GICC: A High-Performance Runtime for GPU-Initiated Communication and Coordination in Modern HPC Systems
New runtime cuts GPU coordination latency by up to 229x on HPE Slingshot networks...
Researchers Baodi Shan, Mauricio Araya-Polo, and Barbara Chapman have introduced GICC (GPU-Initiated Communication and Coordination), a high-performance runtime that allows GPU kernels to directly control NIC-level operations without host CPU intervention. This addresses a critical bottleneck in distributed GPU applications, where existing runtimes rely on host-driven progress and lack mechanisms for recycling pre-staged NIC work across repeated GPU-triggered operations. GICC decouples coordination semantics from data movement and introduces asynchronous resource reclamation, where the NIC signals completion to both GPU and host memory simultaneously, enabling a lightweight host thread to recycle NIC resources without injecting latency.

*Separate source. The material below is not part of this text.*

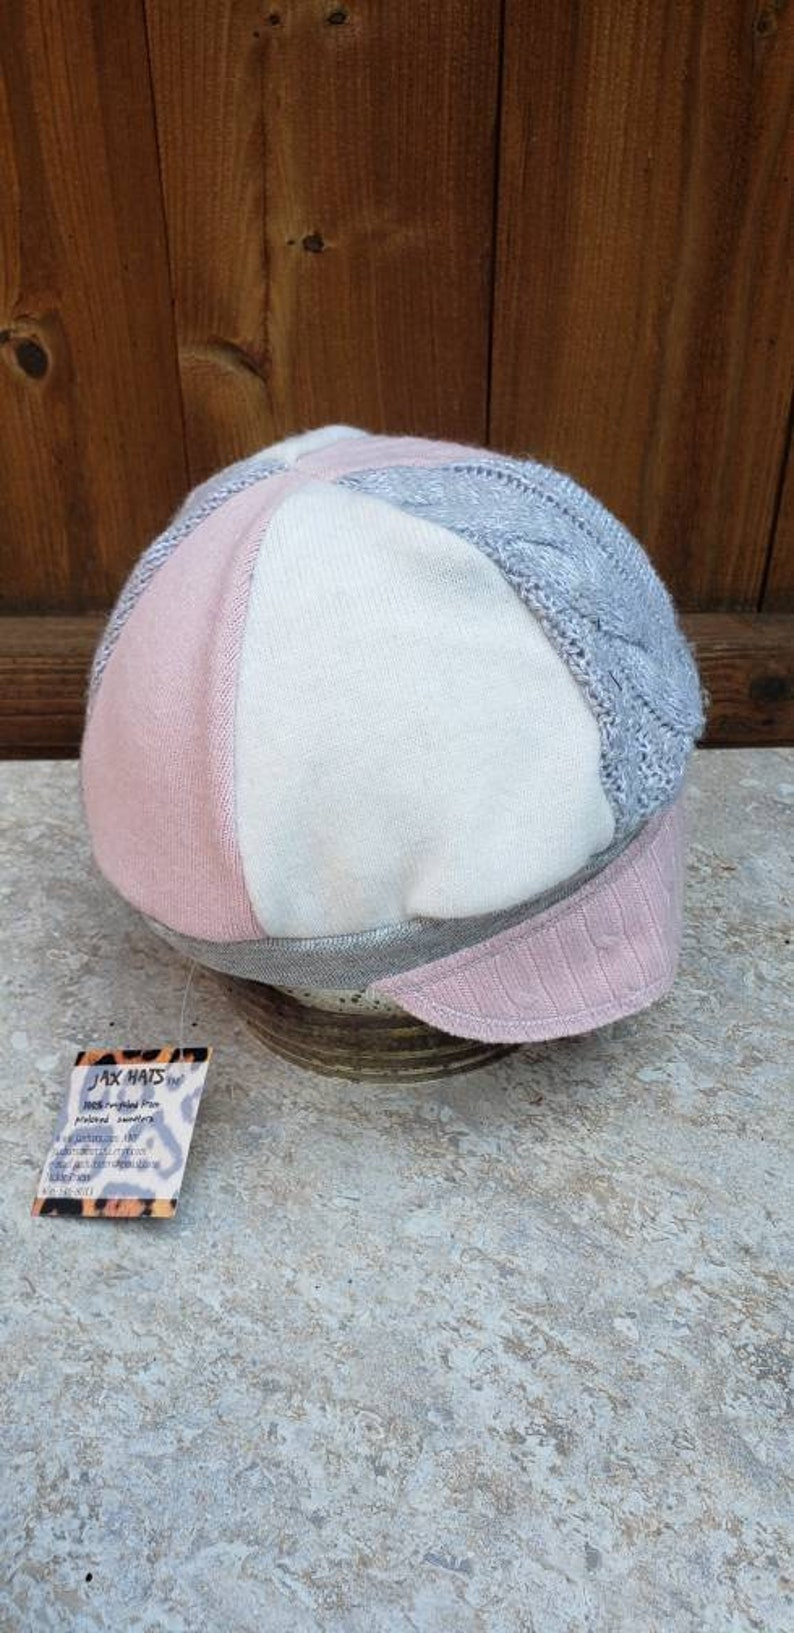 mixed fabrics hat photo prop Jax Hat Child size chemo alopecia cap pinkgrey hat upcycled cap upcycled sweater hat girl Montana

On HPE Slingshot interconnects—which power 6 of the top 10 systems in the November 2025 Top500, including the top 3—GICC reduces per-coordination latency by up to 229x and improves weak scaling efficiency by up to 25%. On InfiniBand, it achieves up to 1.95x lower put latency than NVSHMEM by eliminating unnecessary locking and synchronization. In an industrial stencil proxy running on 64 AMD MI250X GCDs, GPU-aware MPI incurred over 52% higher communication time than GICC, which achieved 42% parallel efficiency versus MPI's 35.4%. The framework is implemented on both NVIDIA and AMD GPUs.

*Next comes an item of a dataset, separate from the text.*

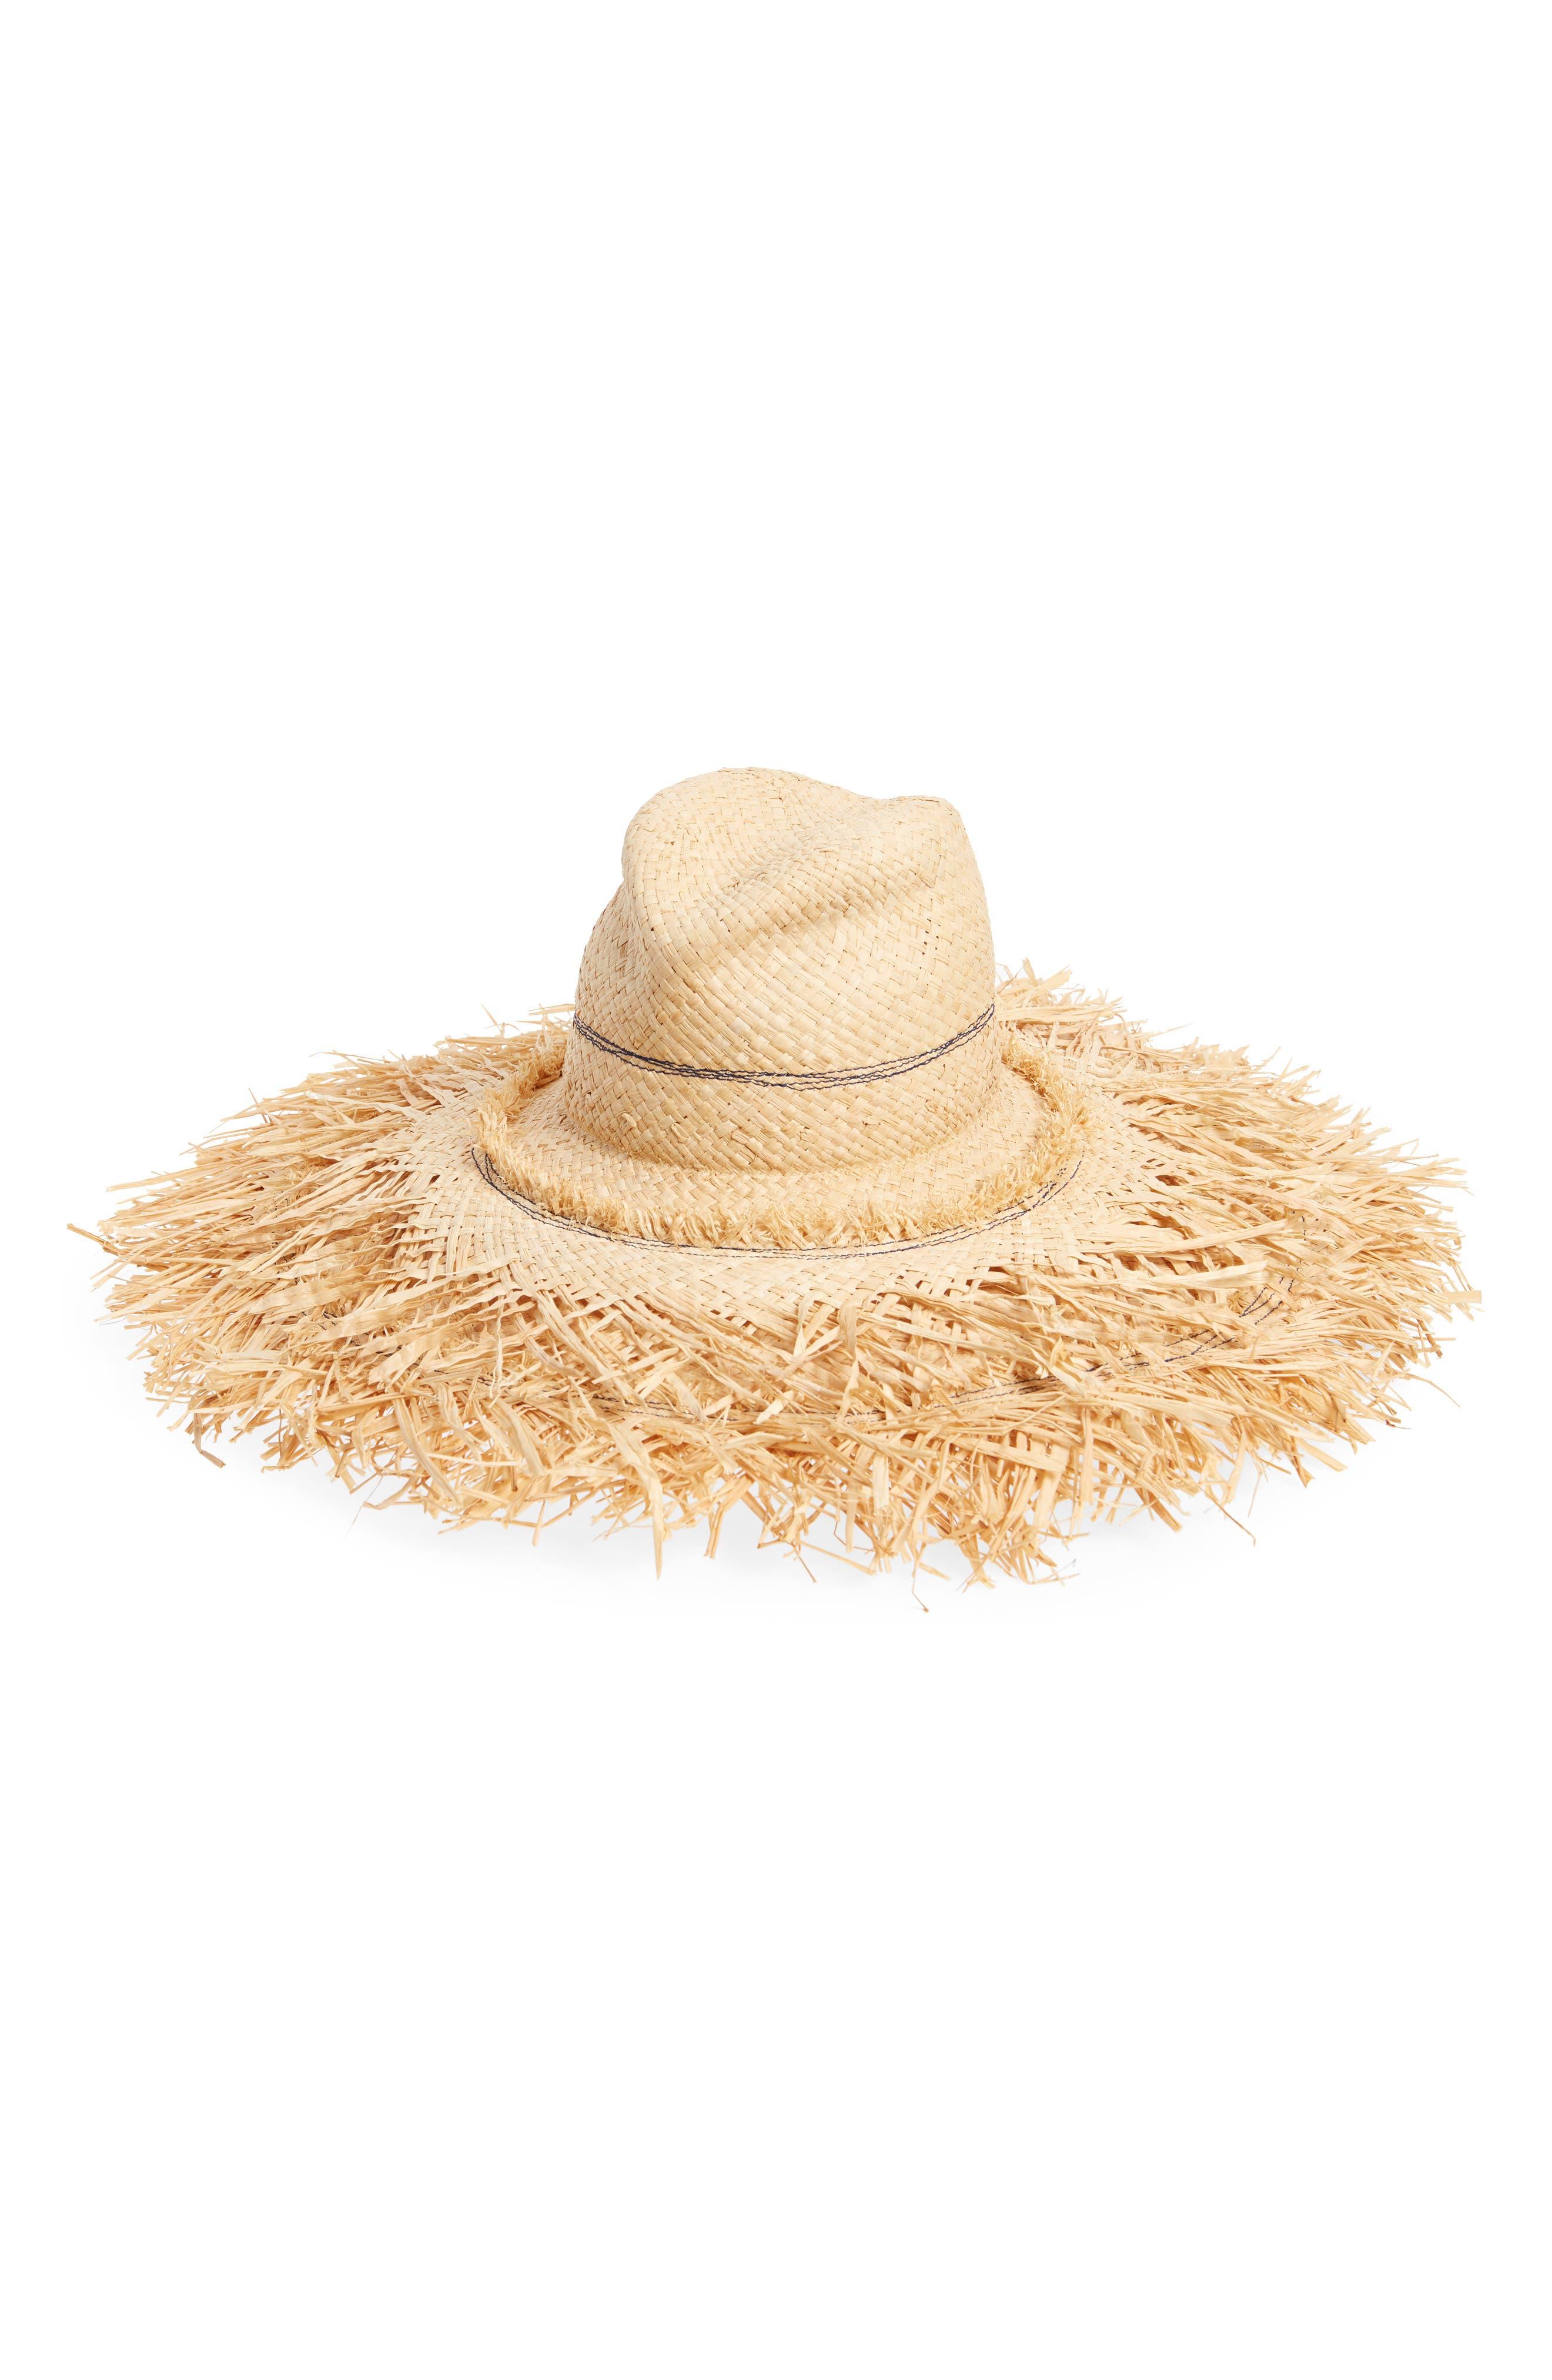 Coconut Raffia Sun Hat,                             Main thumbnail 1, color,                             410

- GICC enables GPU kernels to directly trigger NIC operations without host CPU involvement on the fast path
- On HPE Slingshot, reduces per-coordination latency by up to 229x and improves weak scaling efficiency by 25%
- On InfiniBand, achieves 1.95x lower put latency than NVSHMEM by eliminating unnecessary locking and synchronization
Why It Matters
Unlocks massive performance gains for HPC workloads by eliminating CPU bottlenecks in GPU-to-GPU communication across top supercomputers.